Returns a list of available voice names: `['Bella', 'Jasper', 'Luna', 'Bruno', 'Rosie', 'Hugo', 'Kiki', 'Leo']`

## System Requirements

- **Operating system:** Linux, macOS, or Windows
- **Python:** 3.8 or later
- **Hardware:** Runs on CPU; no GPU required
- **Disk space:** 25-80 MB depending on model variant

A virtual environment (conda, venv, or similar) is recommended to avoid dependency conflicts.

## Roadmap

- [ ] Release optimized inference engine
- [ ] Release mobile SDK
- [ ] Release higher quality TTS models
- [ ] Release multilingual TTS
- [ ] Release KittenASR
- [ ] Need anything else? [Let us know](https://github.com/KittenML/KittenTTS/issues)

## Commercial Support

We offer commercial support for teams integrating Kitten TTS into their products. This includes integration assistance, custom voice development, and enterprise licensing.

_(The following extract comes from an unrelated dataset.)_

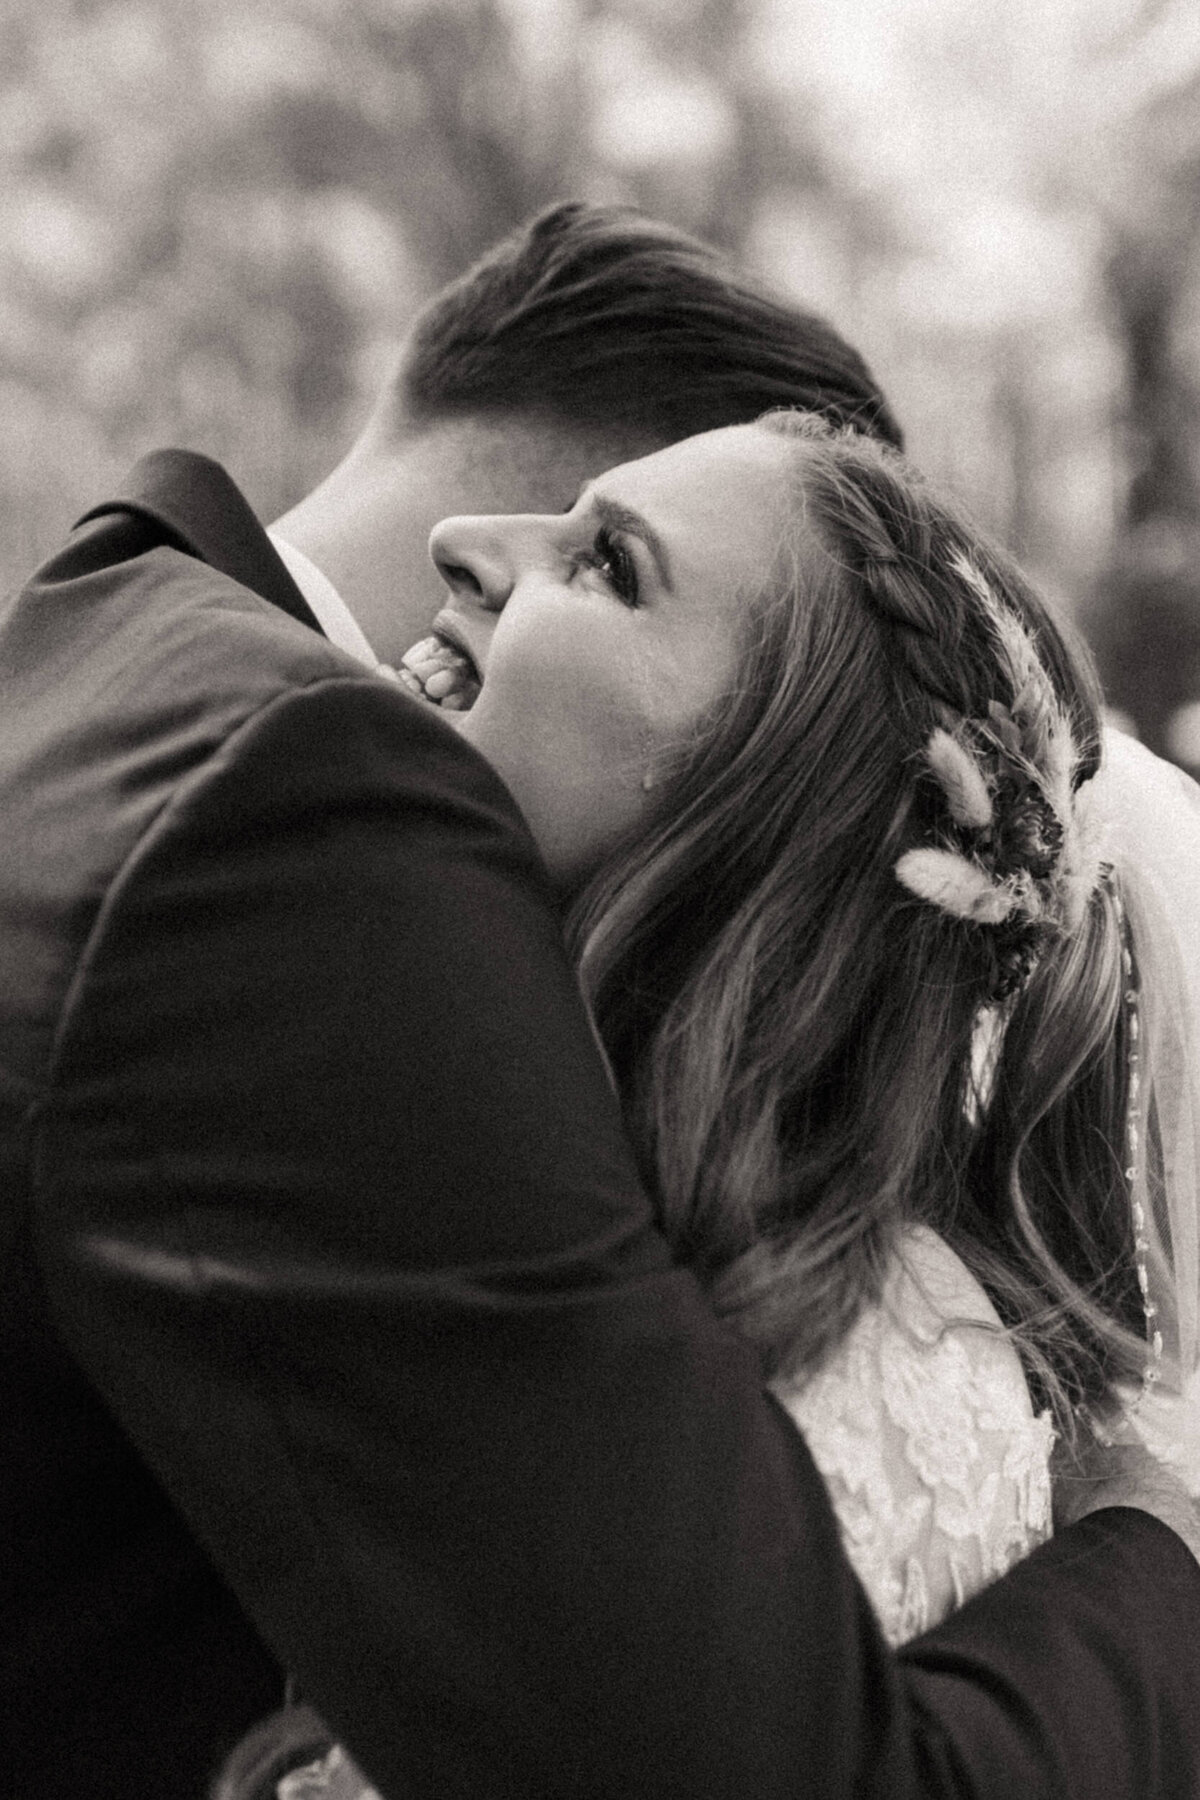 Emotional bride has a tear running down her cheek as she smiles and embraces a hug from her groom during their first look

[Contact us](https://docs.google.com/forms/d/e/1FAIpQLSc49erSr7jmh3H2yeqH4oZyRRuXm0ROuQdOgWguTzx6SMdUnQ/viewform?usp=preview) or email info@stellonlabs.com to discuss your requirements.

## Community and Support

- **Discord:** [Join the community](https://discord.com/invite/VJ86W4SURW)
- **Website:** [kittenml.com](https://kittenml.com)
- **Custom support:** [Request form](https://docs.google.com/forms/d/e/1FAIpQLSc49erSr7jmh3H2yeqH4oZyRRuXm0ROuQdOgWguTzx6SMdUnQ/viewform?usp=preview)
- **Email:** info@stellonlabs.com
- **Issues:** [GitHub Issues](https://github.com/KittenML/KittenTTS/issues)

## License

This project is licensed under the [Apache License 2.0](LICENSE).